America is a much more violent place than the UK, and its law and order settlement is not one any sensible foreigner would want to embrace.
This isn't just about guns, but the entire culture of lock 'em up and throw away the key or shoot the bastards
I have some sympathy for anyone who happens to be prime minister when urban riots break out. But they're all volunteers, and David Cameron seems to be getting into a muddle over his handling of the police and the coalition's supposed "zero tolerance" policy response to lawlessness.

We'd better get this right or we risk lurching into an American view of policing – as a smart article predicts – which has the highest per capita incarceration rate in the world: more than 2 million people in prison, twice that number on probation or parole, at any one time. No thanks.

Which would you prefer to pay for prevention, or having to lock these people up?

It was that the police initially saw the riots as a public order issue, a form of political protest like last winter's student riots or the G20 protests.
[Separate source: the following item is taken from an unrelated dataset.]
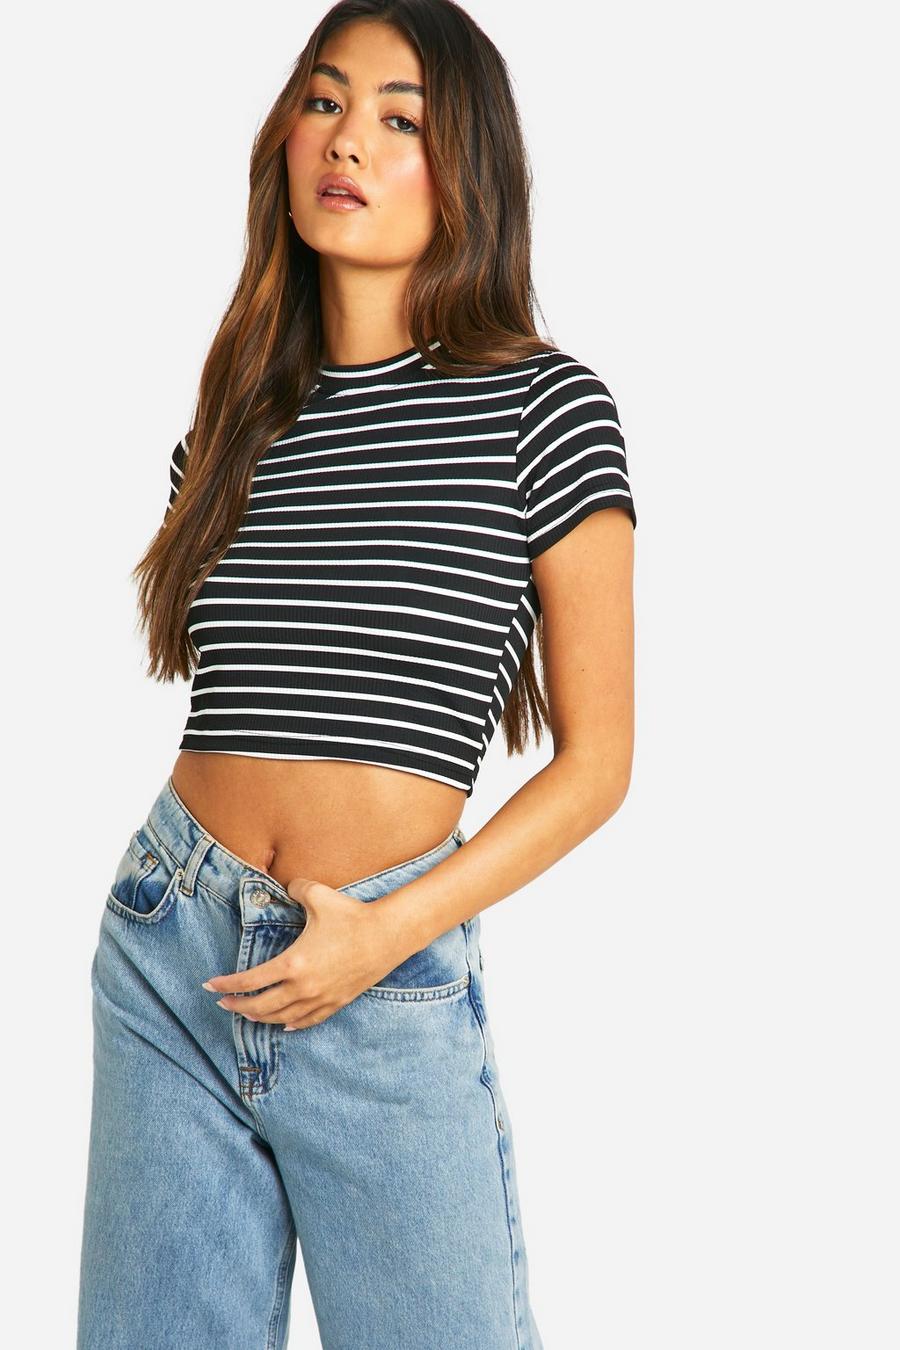 Black Striped Collared Open Back Short Sleeve Crop Top 
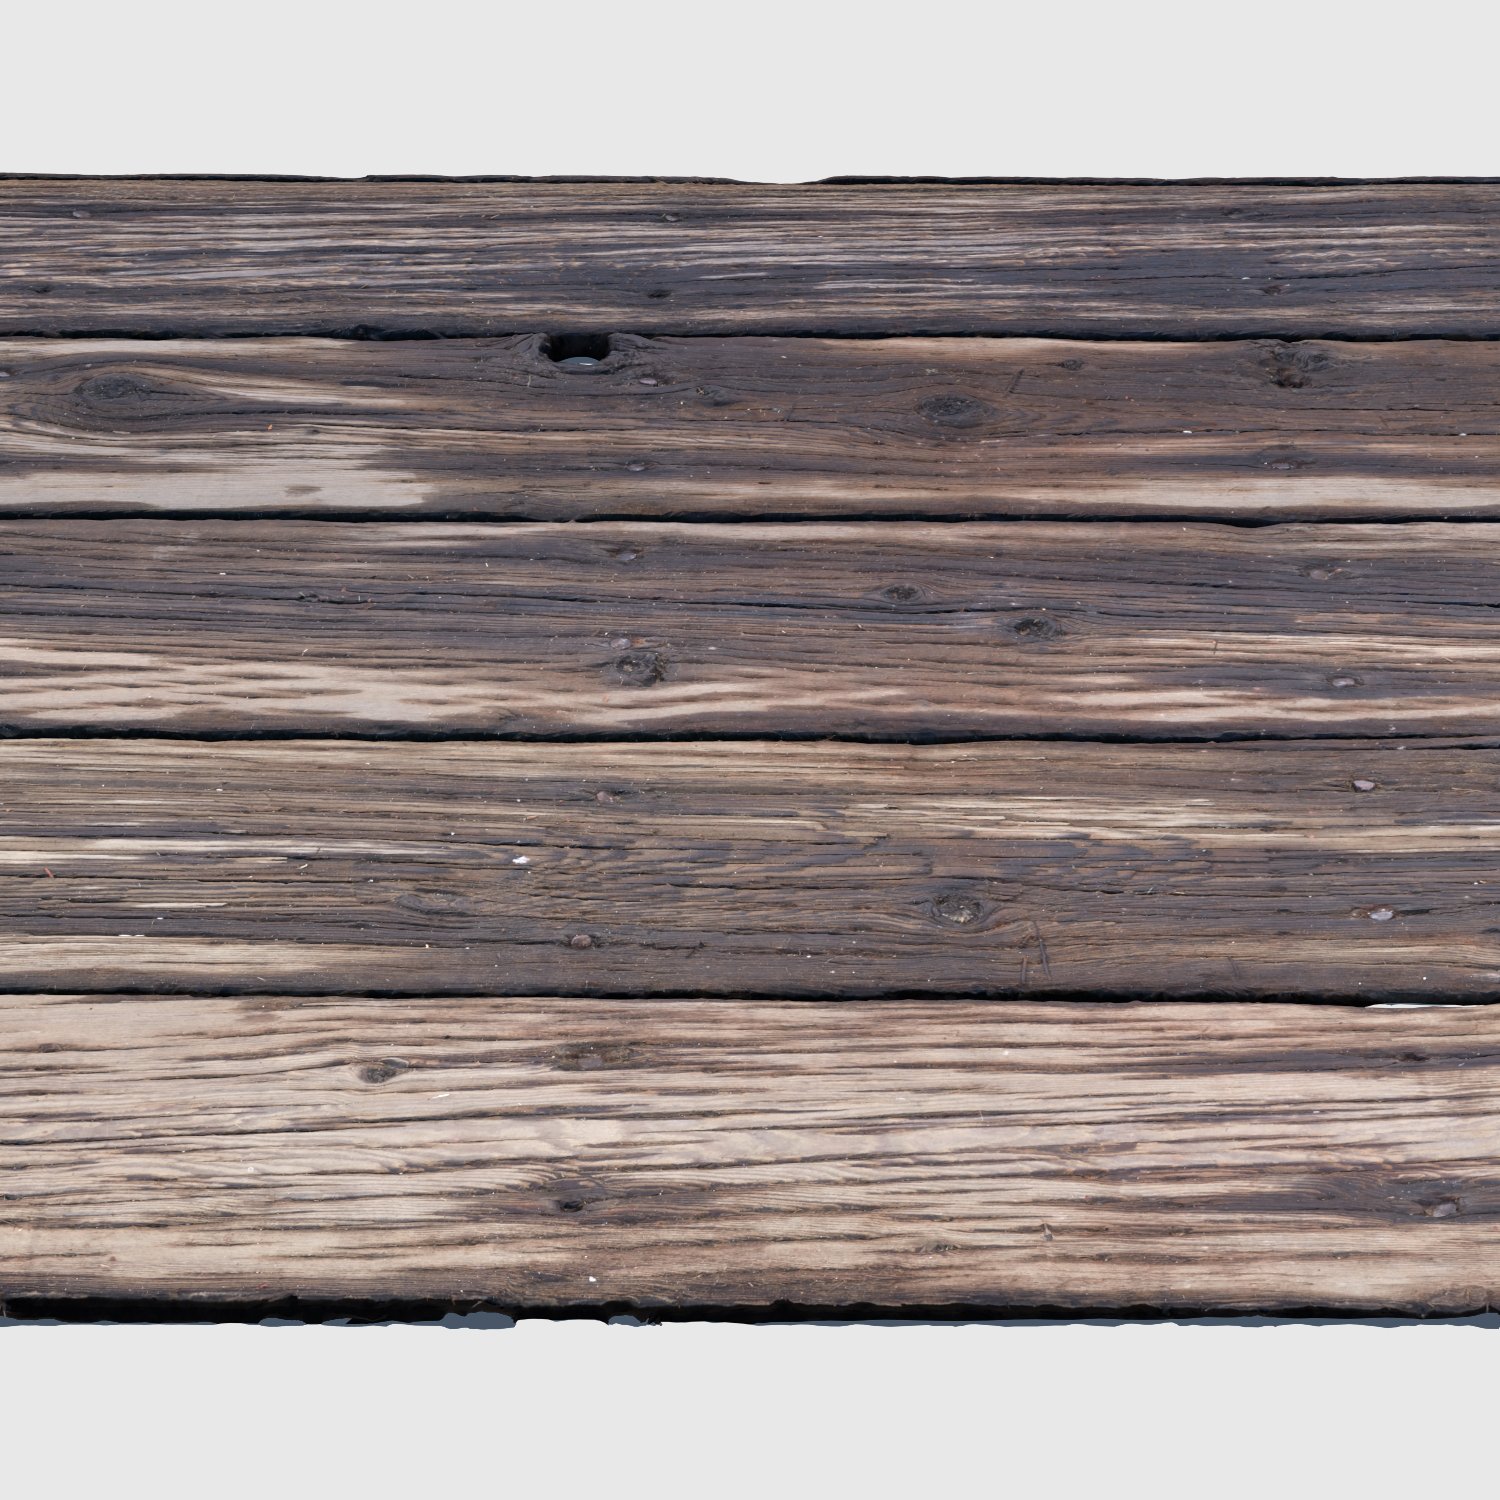 2,543,056 Wood Plank Images, Stock Photos, 3D objects, & Vectors

In consequence, they handled them warily, aware that they might be criticised for heavy-handedness, as they were – by the Guardian among others – on those occasions.

Only on Monday, too late, did they see that they were mostly dealing with opportunistic and apolitical looting.

We can get into the reason for the riots, but it seems to be desperation.

"In 2011 there is an additional consumer component and a self-destructive one. Self-destruction is more dystopian even that nihilism. Not only does it imply hopelessness, it suggests this week's rioters are cut off not just from society, but also from themselves," wrote Malkani, the author of the novel Londonistan.

That's bleak. Which makes Caldwell's conservative worldly wisdom even bleaker. British culture has always been individualistic, but has become radically anti-authoritarian and diverse over the last 50 years. The old consensus, which permitted gentle, unarmed policing, is one of the casualties of this change, he argues. Reformers have thrown out the baby of authority with the bathwater of privilege.

"And this is the tragedy. Britain has chosen a different kind of liberty, one that does not rest on shared values. That is, it has chosen a US-style liberty, and this will have to be safeguarded in an American way," he writes.

Americans fear their police – and with good reason – but have confidence in the efficacy. The fact that Duggan was carrying a gun when shot would have ended the debate about injustice in America, Caldwell claims. We are heading down that road, too.

A frightening though. The author's conclusion:

There far more people in prison in the US than in China, with four times the population, and gun violence is rampant – more than 12,000 gun-related homicides in 2007 alone. It's a wonderful country in all sorts of ways if you're not poor, very hard if you are.

But America's law and order settlement is not one any sensible foreigner would want to embrace. Sorry, Bill Bratton, I know you've done some good work and we're all keen to learn from each other. But you were starting from a very different and much, much more violent place. We don't need it here.